> **Extracted data**:
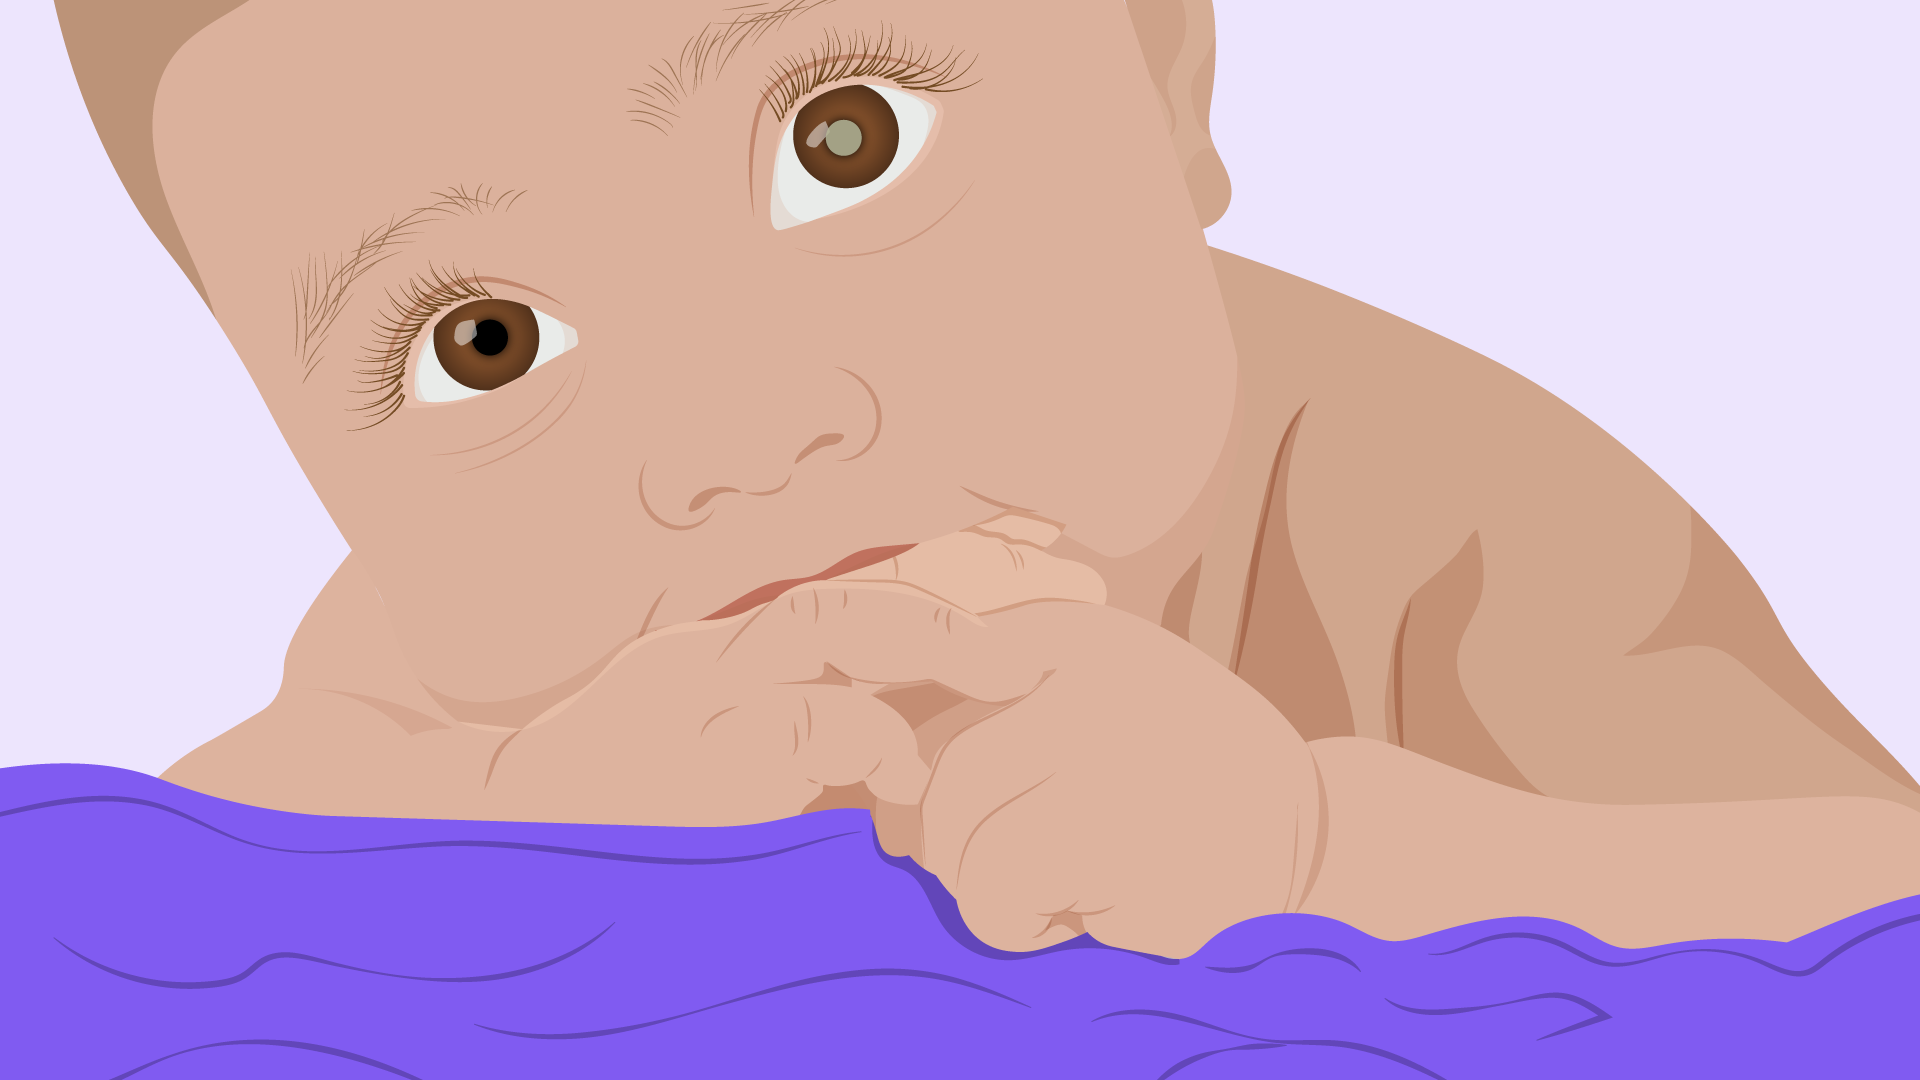 Bebê com reflexo branco no olho, sugestivo de um retinoblastoma.
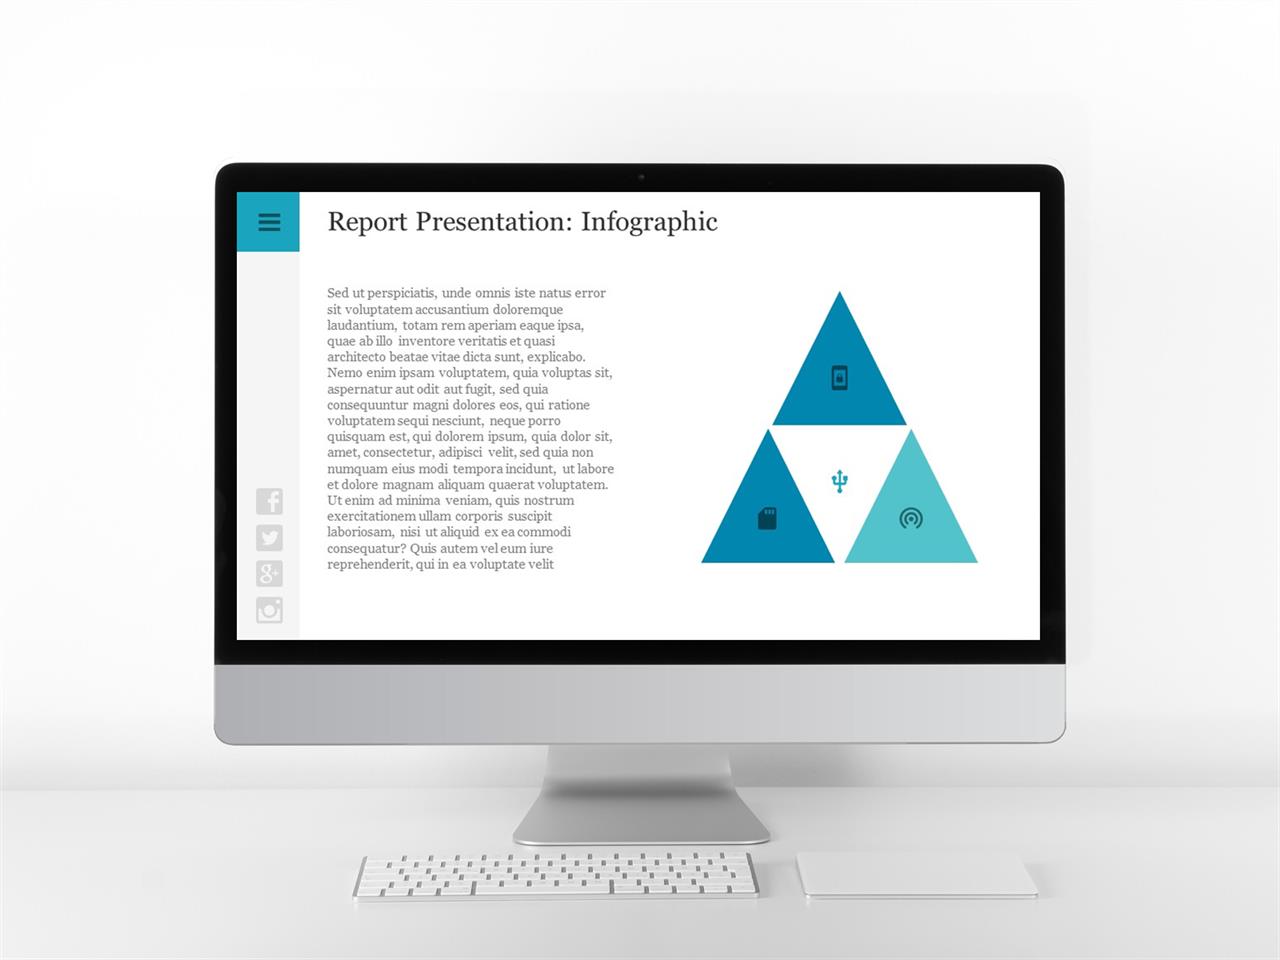 PPT다이어그램 피라미드형  프로급 파워포인트탬플릿 사이트 미리보기
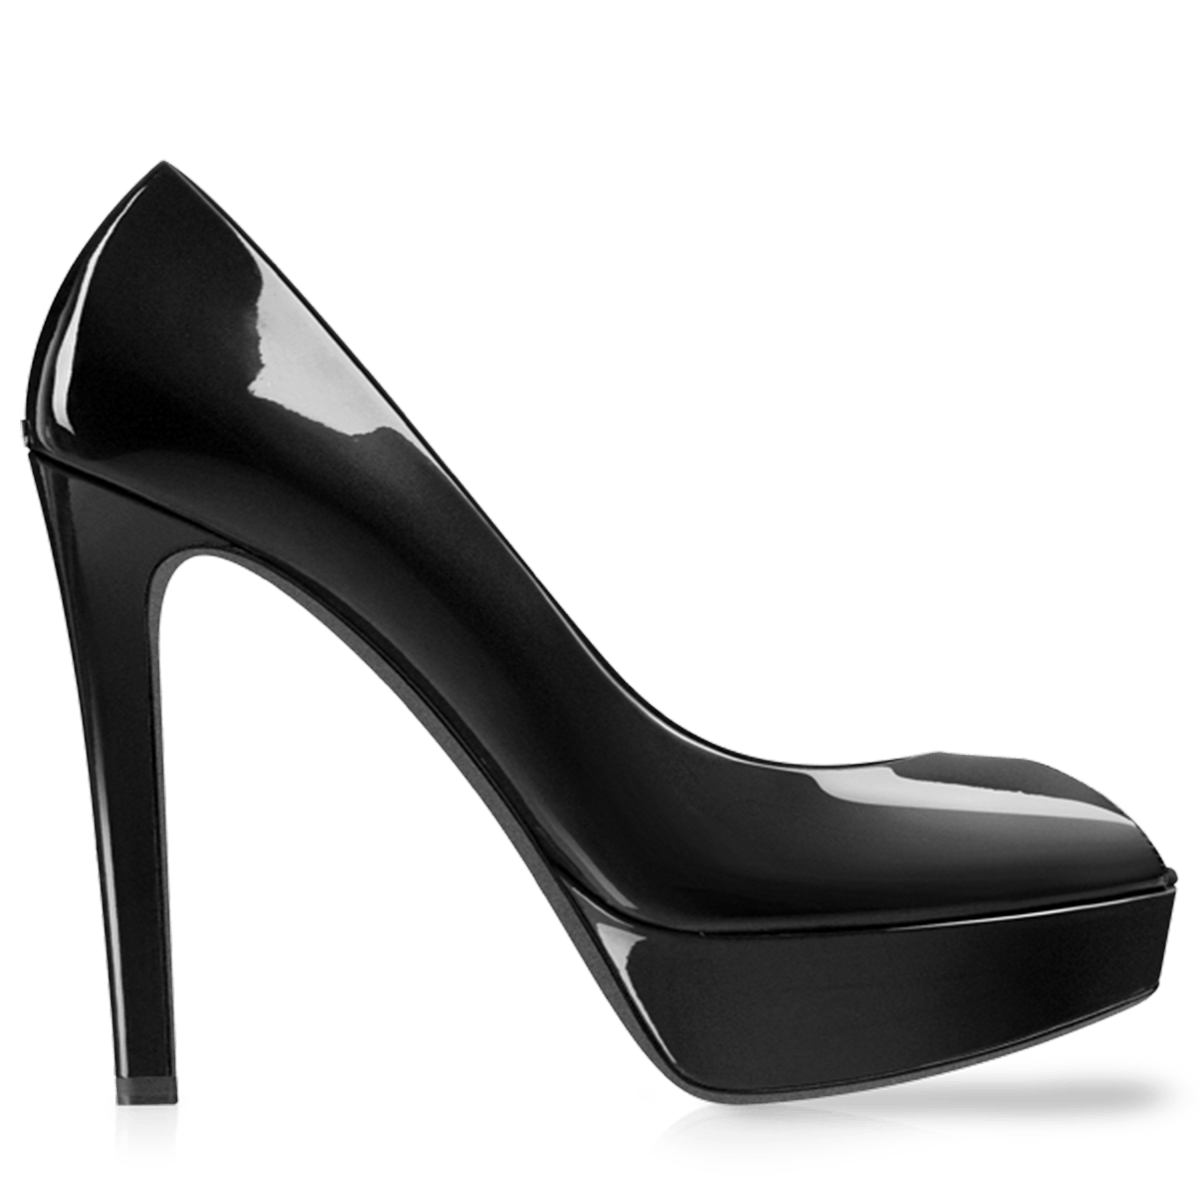 Black Heels Transparent Image
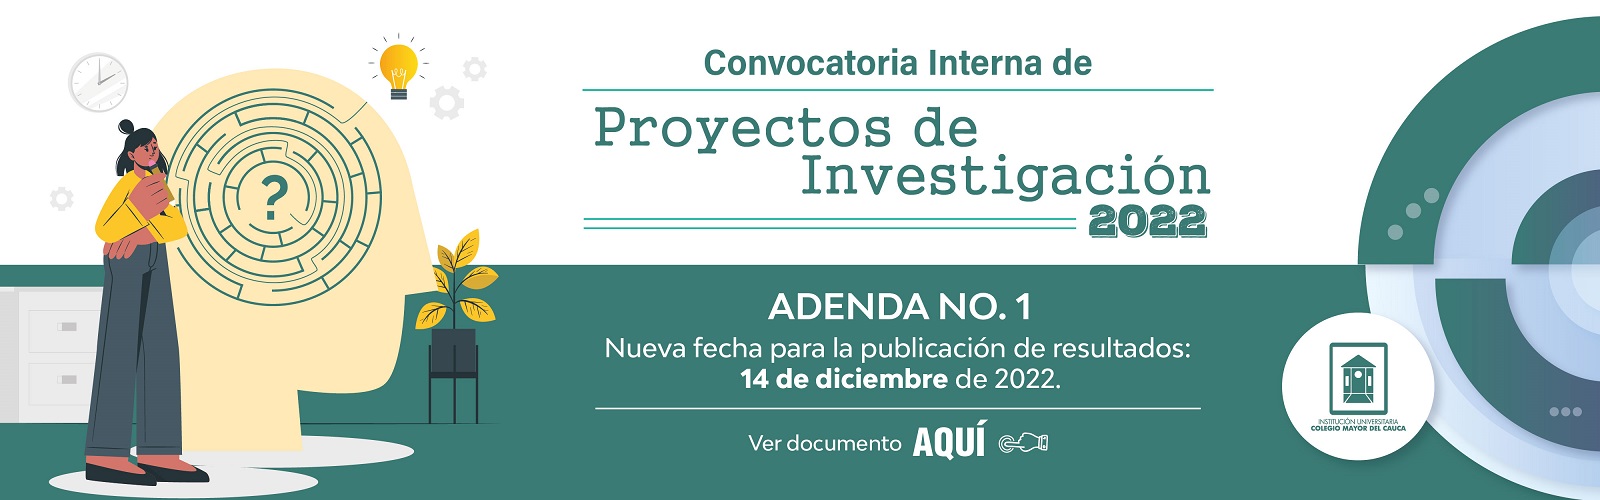 Adenda_01_Banner_Proyectos_de_Investigaciones_2022
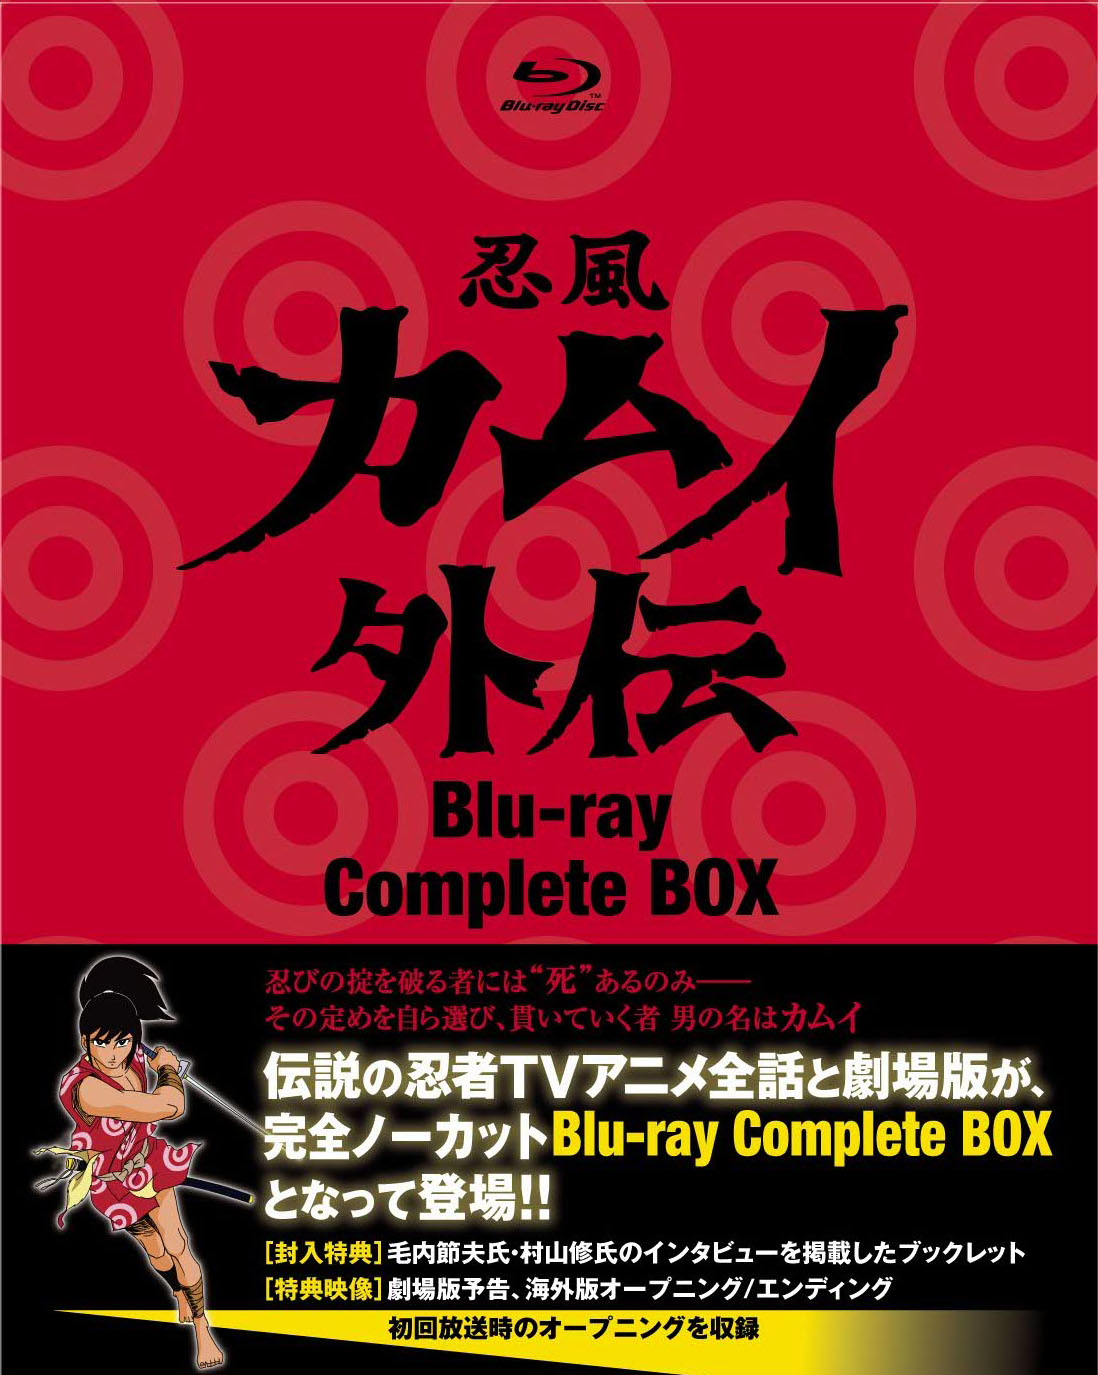 伝説の忍者アクションアニメ 忍風カムイ外伝 Tvシリーズ全話と劇場版が完全ノーカット Blu Ray Complete Boxとなって2月17日発売 株式会社スーパー ビジョンのプレスリリース
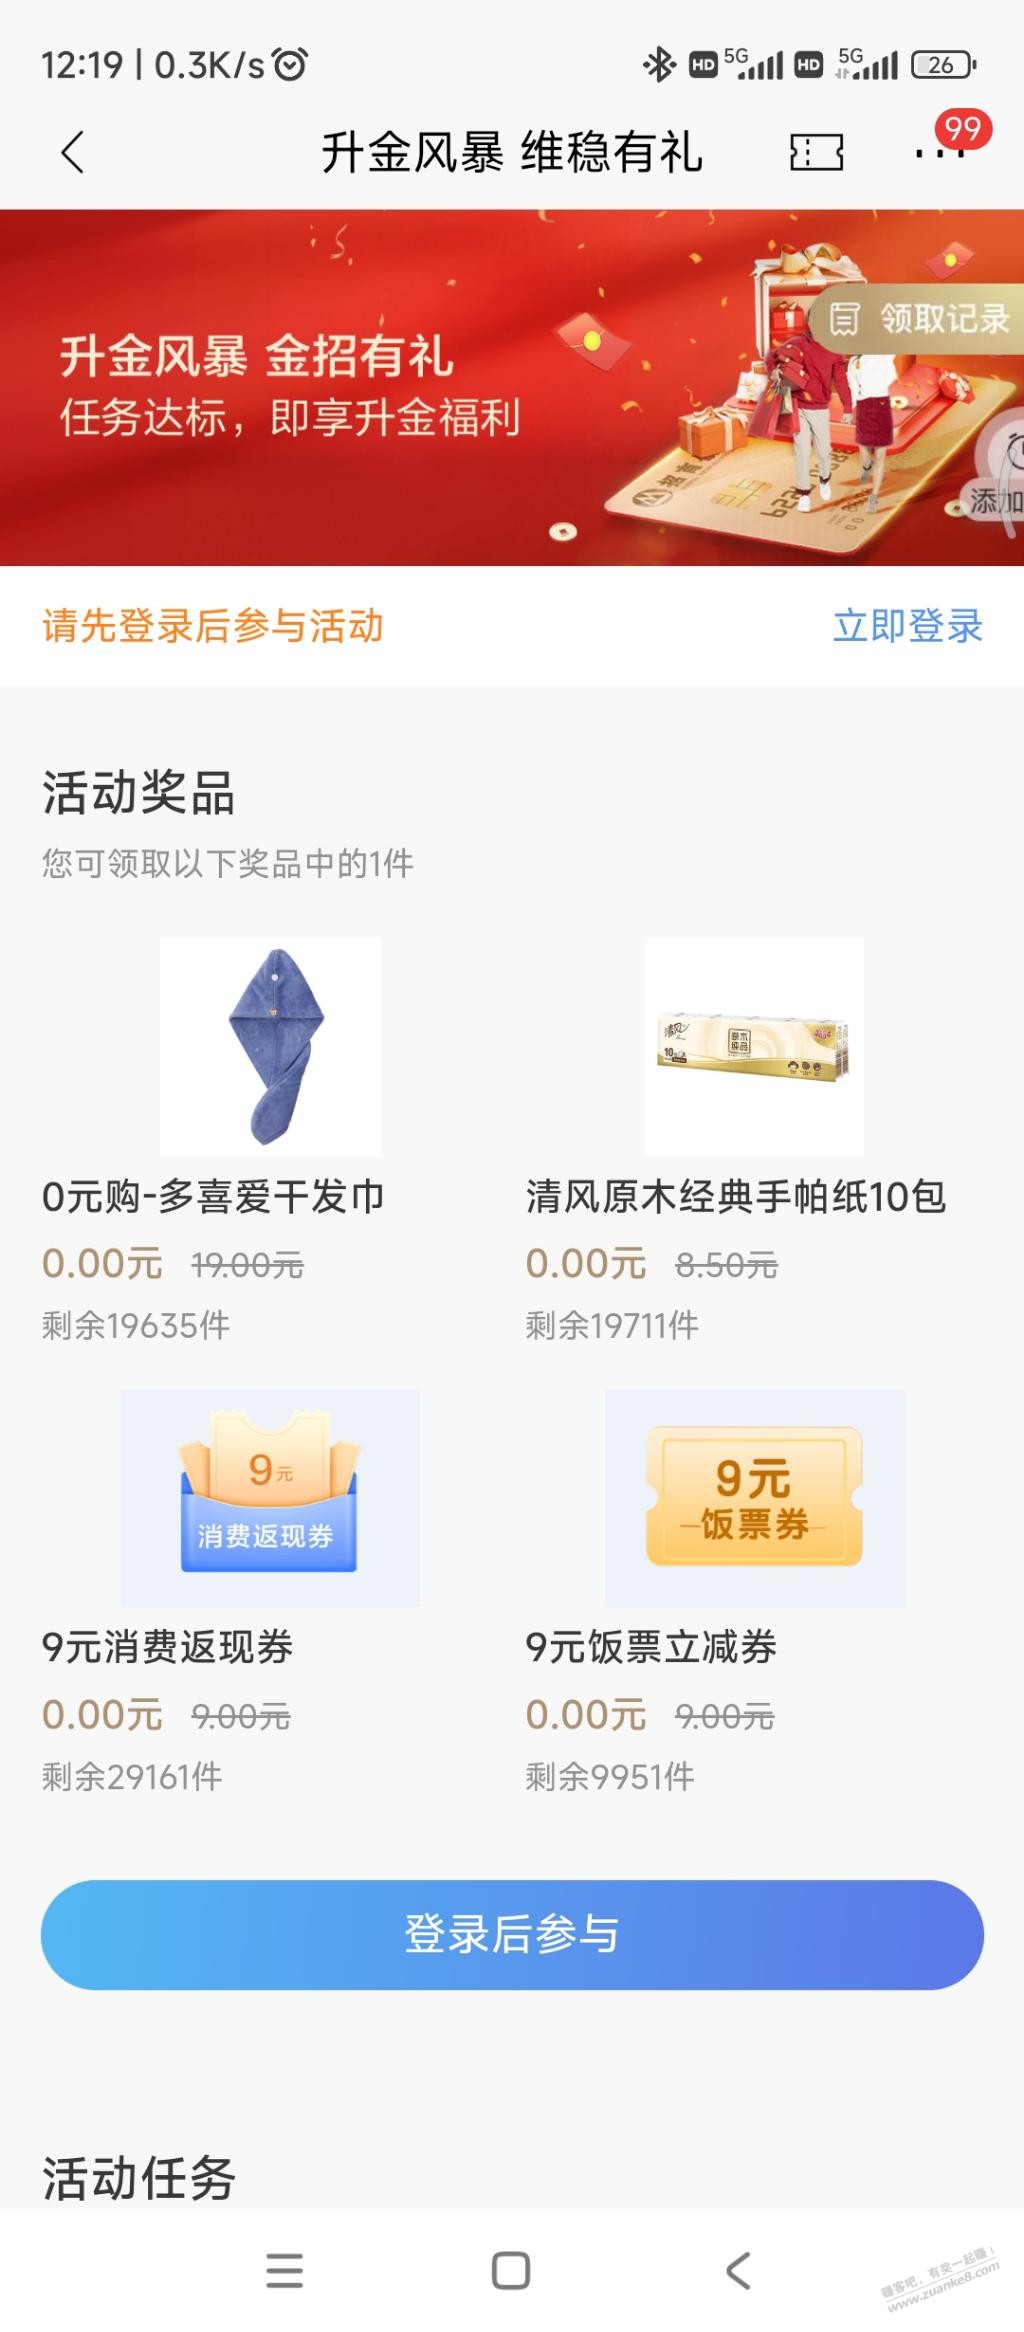 招商银行app 上海 瘦腰

> **Directions**: Return the lines of the data above in full and exactly, with no pictures.

> **Result of the exercise**:
 Bebê com reflexo branco no olho, sugestivo de um retinoblastoma.
 PPT다이어그램 피라미드형  프로급 파워포인트탬플릿 사이트 미리보기
 Black Heels Transparent Image
 Adenda_01_Banner_Proyectos_de_Investigaciones_2022
 伝説の忍者アクションアニメ 忍風カムイ外伝 Tvシリーズ全話と劇場版が完全ノーカット Blu Ray Complete Boxとなって2月17日発売 株式会社スーパー ビジョンのプレスリリース
 招商银行app 上海 瘦腰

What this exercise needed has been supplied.